Family and Injured Workers Support and Advisory Group

We are a group of people who have suffered a serious work-related incident or have a family member who has died in a workplace-related incident. We use our experience to advise government.

Crisis support

Being injured or losing a loved one to a workplace fatality is traumatic. If you are experiencing mental ill-health it is important to remember that you are not alone and support is available.  

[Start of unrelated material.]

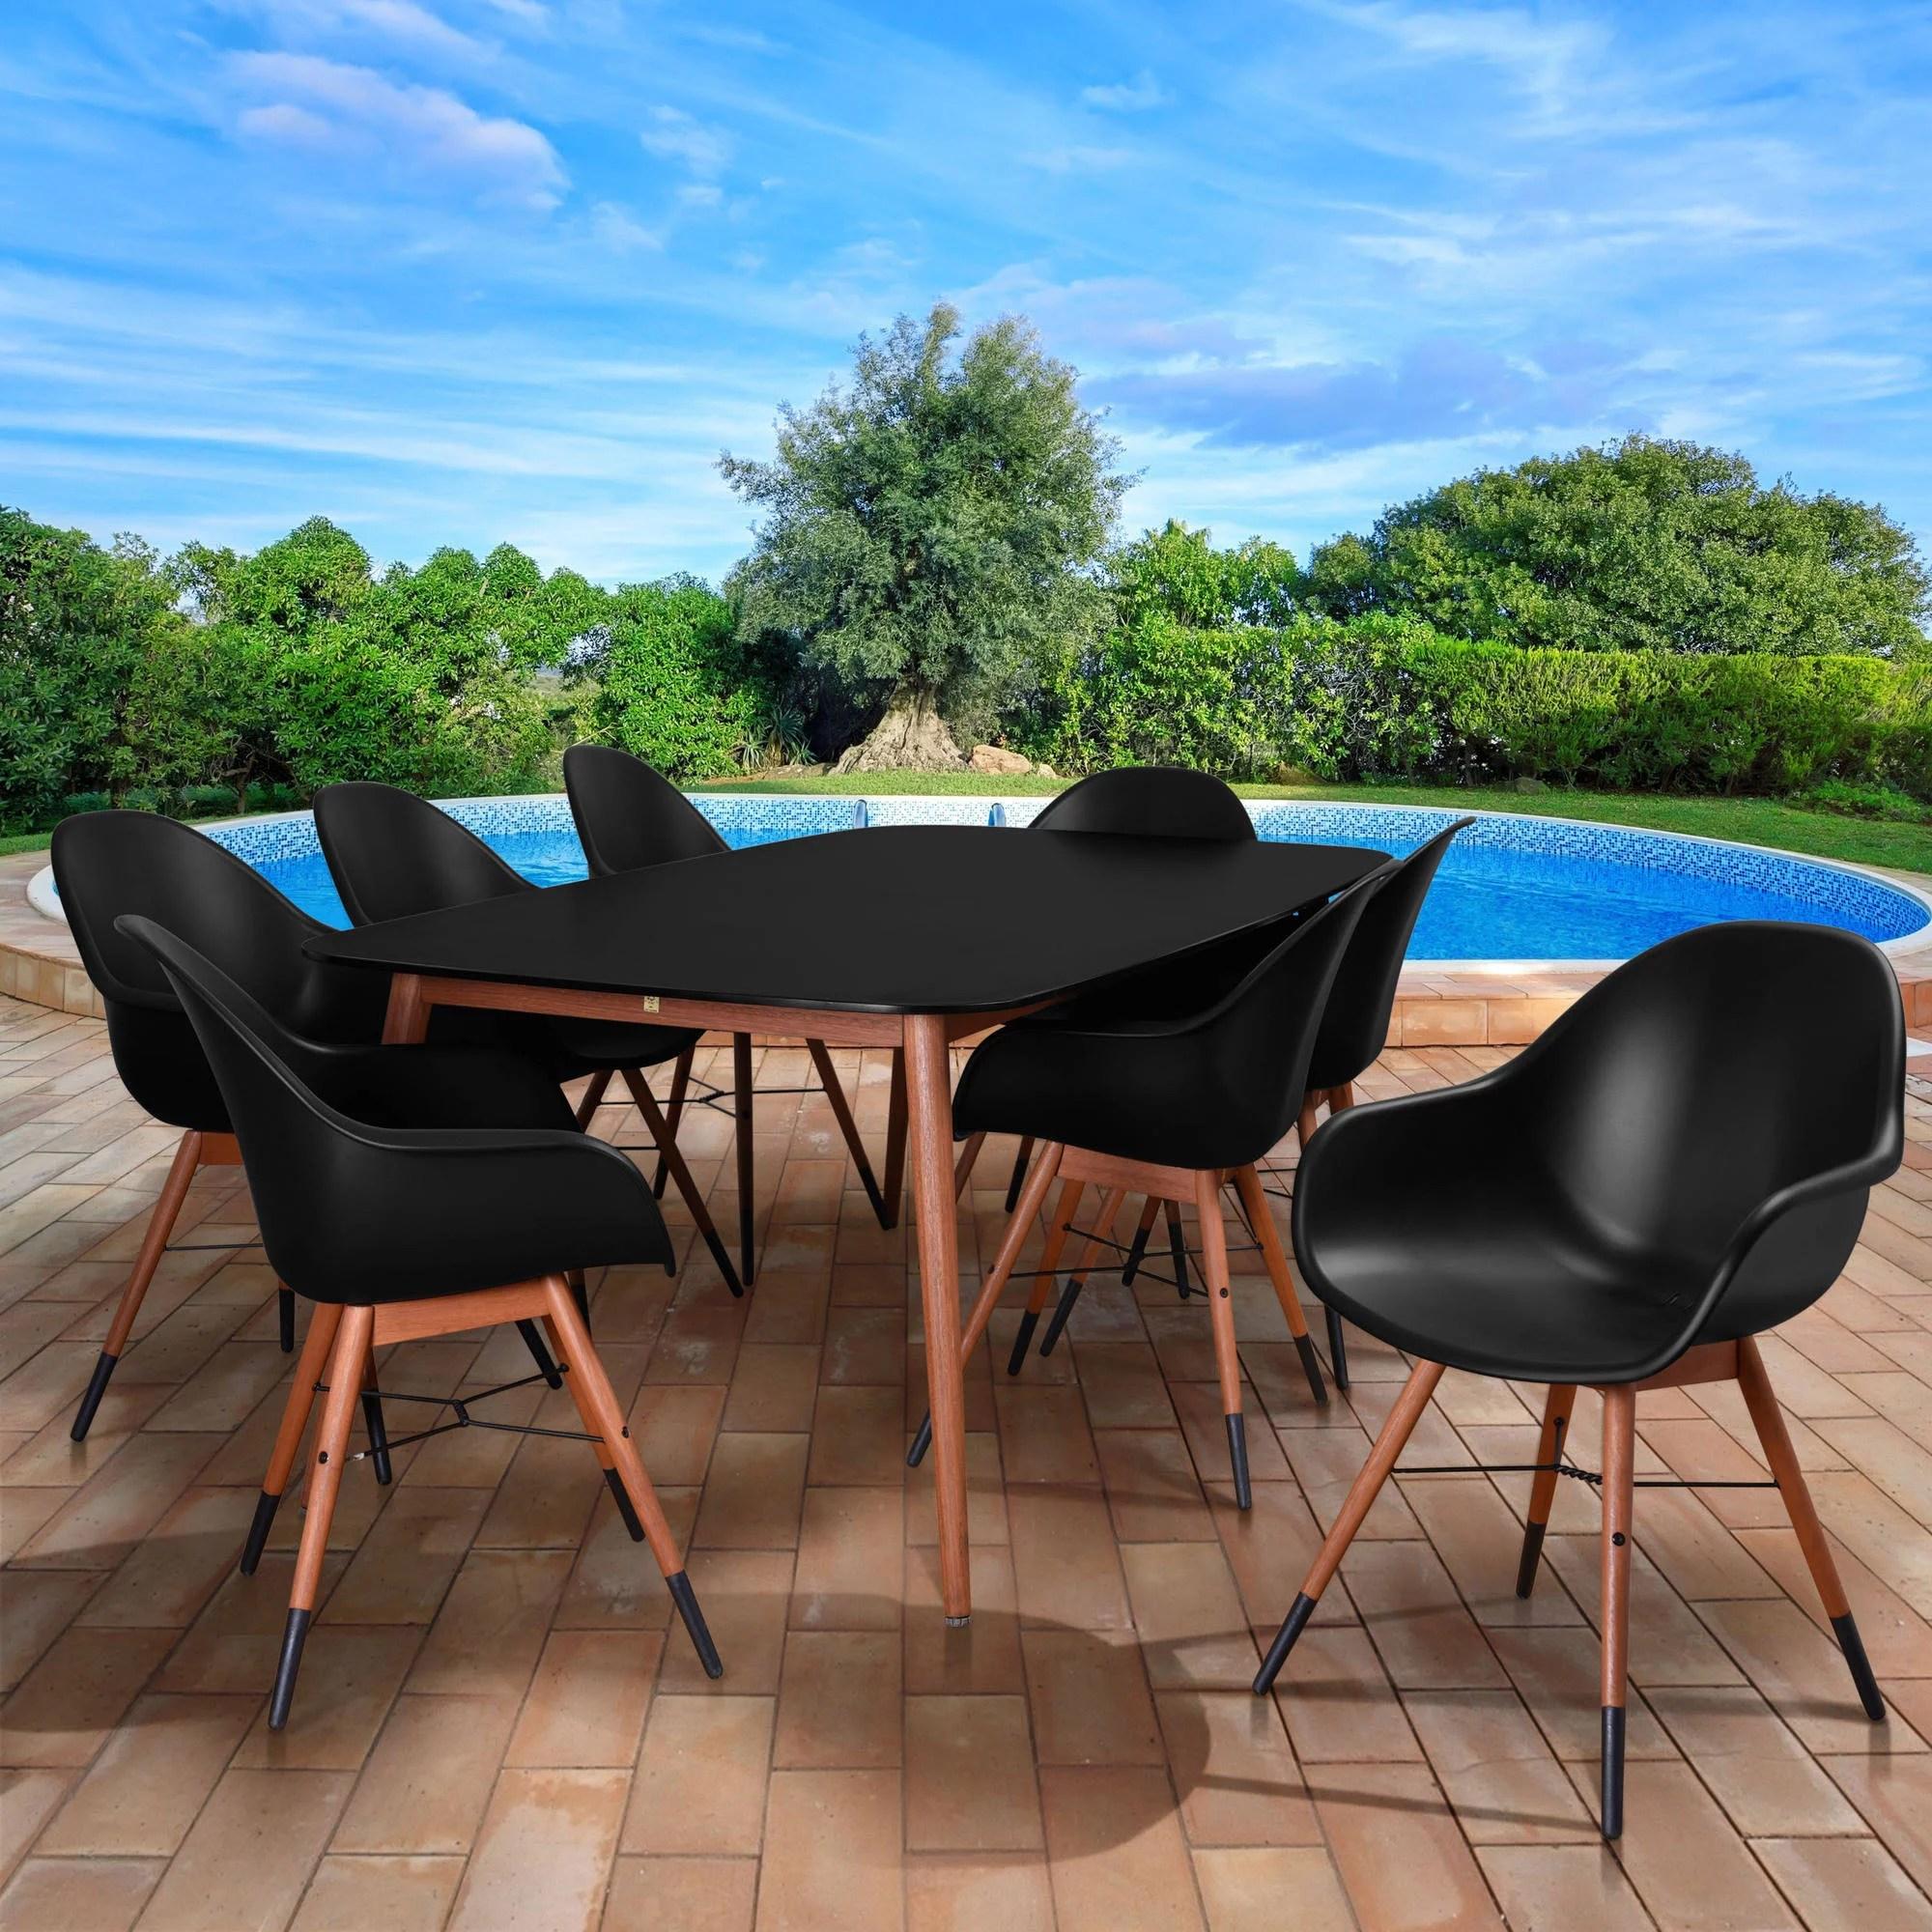 amazonia eucalyptus chamonix 9 piece dining set black seating capacity 8 walmart com

If you need support, call one of the following numbers 24/7: 

Lifeline on 13 11 14

Suicide Call Back Service on 1300 659 467

What we do

Engage with affected persons

Engage with affected persons through targeted and constructive consultation to improve service delivery.

Provide advice

Provide advice and make recommendations to SafeWork NSW about the support needs of affected persons.

Help develop WHS messages

Advocate for WHS in the community through actively contributing to the development and dissemination of WHS messages.

Network with others

Network with others in similar circumstances and engage with people affected by serious workplace incidents.

Meet the advisory group

Matt Beckhaus
Matt Beckhaus (Co-Chair)

"On the 10th of October 2015, our family world changed forever.

Our 20 year old son, Luke, was involved in a workplace incident during the early hours of the morning where he received multiple blunt force injuries after being crushed by the wheels of a “runaway” B-Double Trailer. Later that morning, Luke lost his fight to live.

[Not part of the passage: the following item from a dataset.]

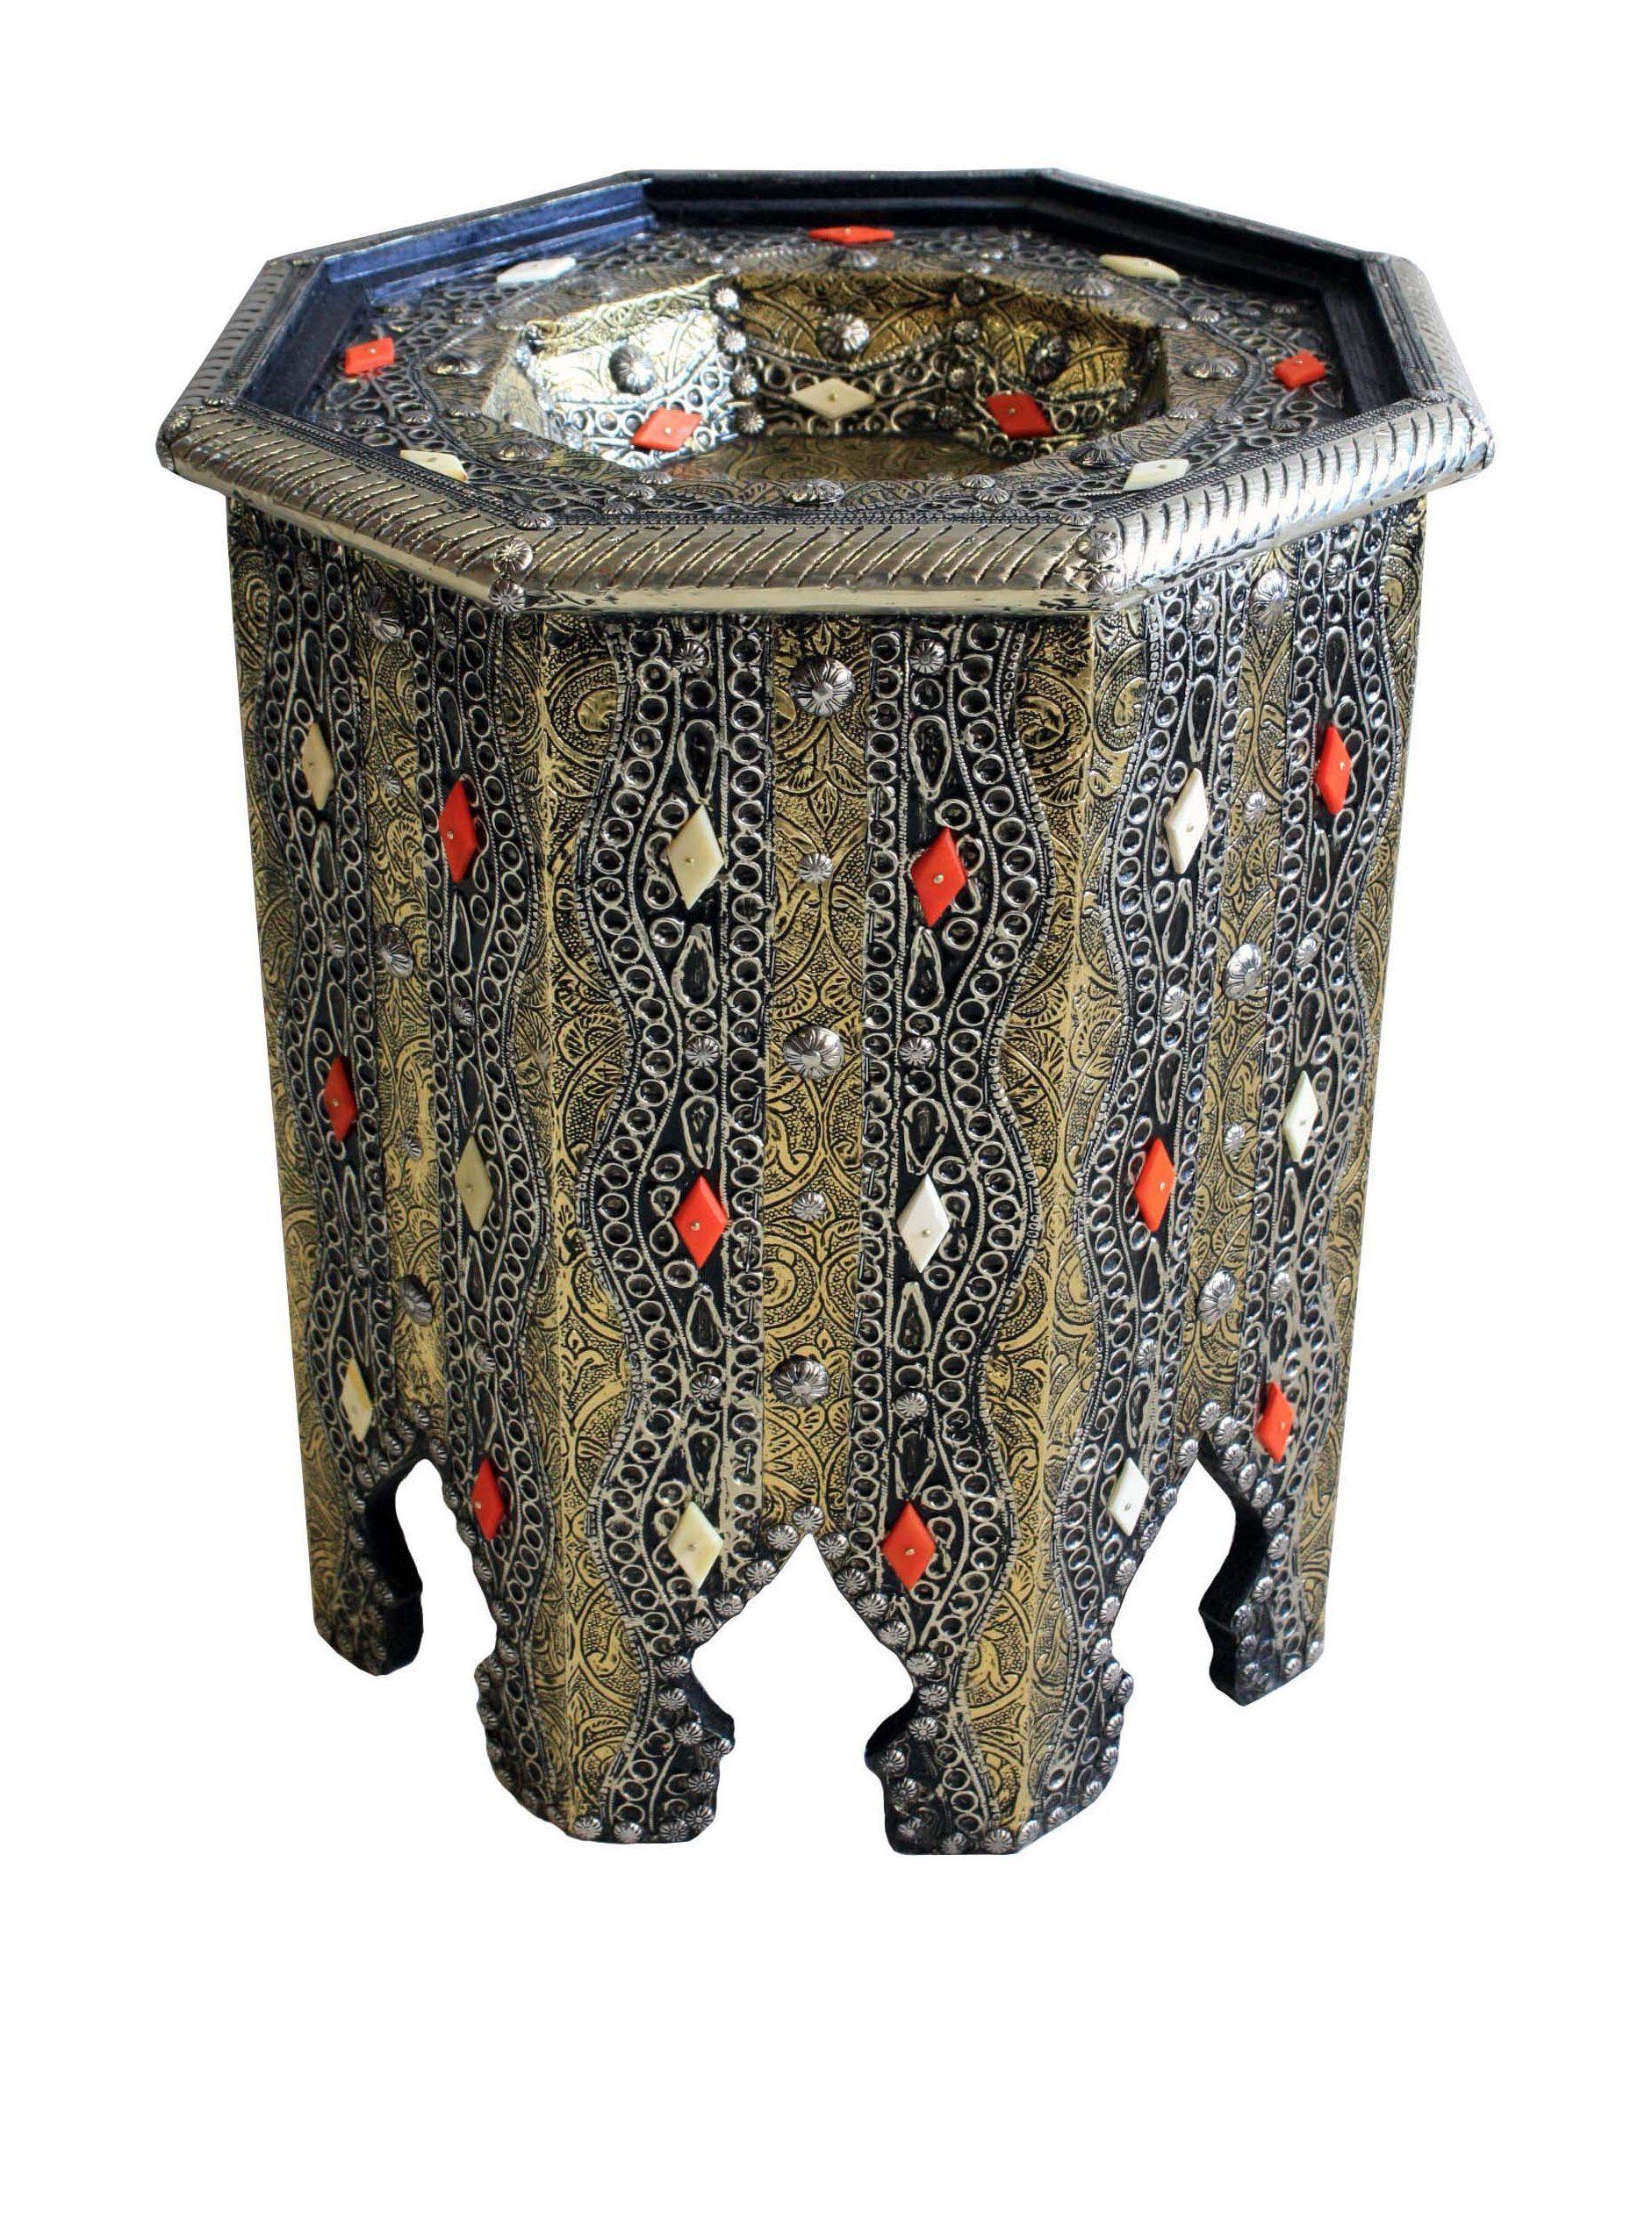 Badia Design Moroccan Metal & Bone Octagonal Side Table

This group has the opportunity to provide support and advise to others that have experienced what my family has since our tragic loss of Luke. I’m doing this for Luke’s legacy as no one should have to farewell a loved one."

Jacqueline Quinlivan
Jacqueline Quinlivan (Co-Chair)

Jacci lost her husband Lyndon and her children's father in May 2018 in a double workplace fatality, with a further colleague taking his own life as a direct result.

"Being a member of this group provides me with one avenue, to assist SafeWork by giving insight into the lived experiences of families who are directly affected and what needs to change.

I am my husband's voice, I am speaking up for him and our family as a whole. I vowed to Lyndon that I would fight until my last breath for justice, accountability and change to the system and laws.”

Learn more by watching this video.

Linda Moussa
Linda Moussa (Member)

Linda’s husband, Iremar da Silva, was killed at a construction site in Ryde due to the unsafe work practices of two construction companies in October 2016.

"Apart from the immeasurable grief of losing my life partner, I have had to deal with many different processes and organisations such as the Police, the Coroner, SafeWork and lawyers in different capacities.

I was not ready for any of this and it has not been smooth sailing, but I have learnt a great deal from this experience; nothing will bring back my husband or the life I used to have ... but I feel that I can share this knowledge I have gained to empower others in the same situation to navigate the various proceedings in which they will be involved with clarity, direction and agency."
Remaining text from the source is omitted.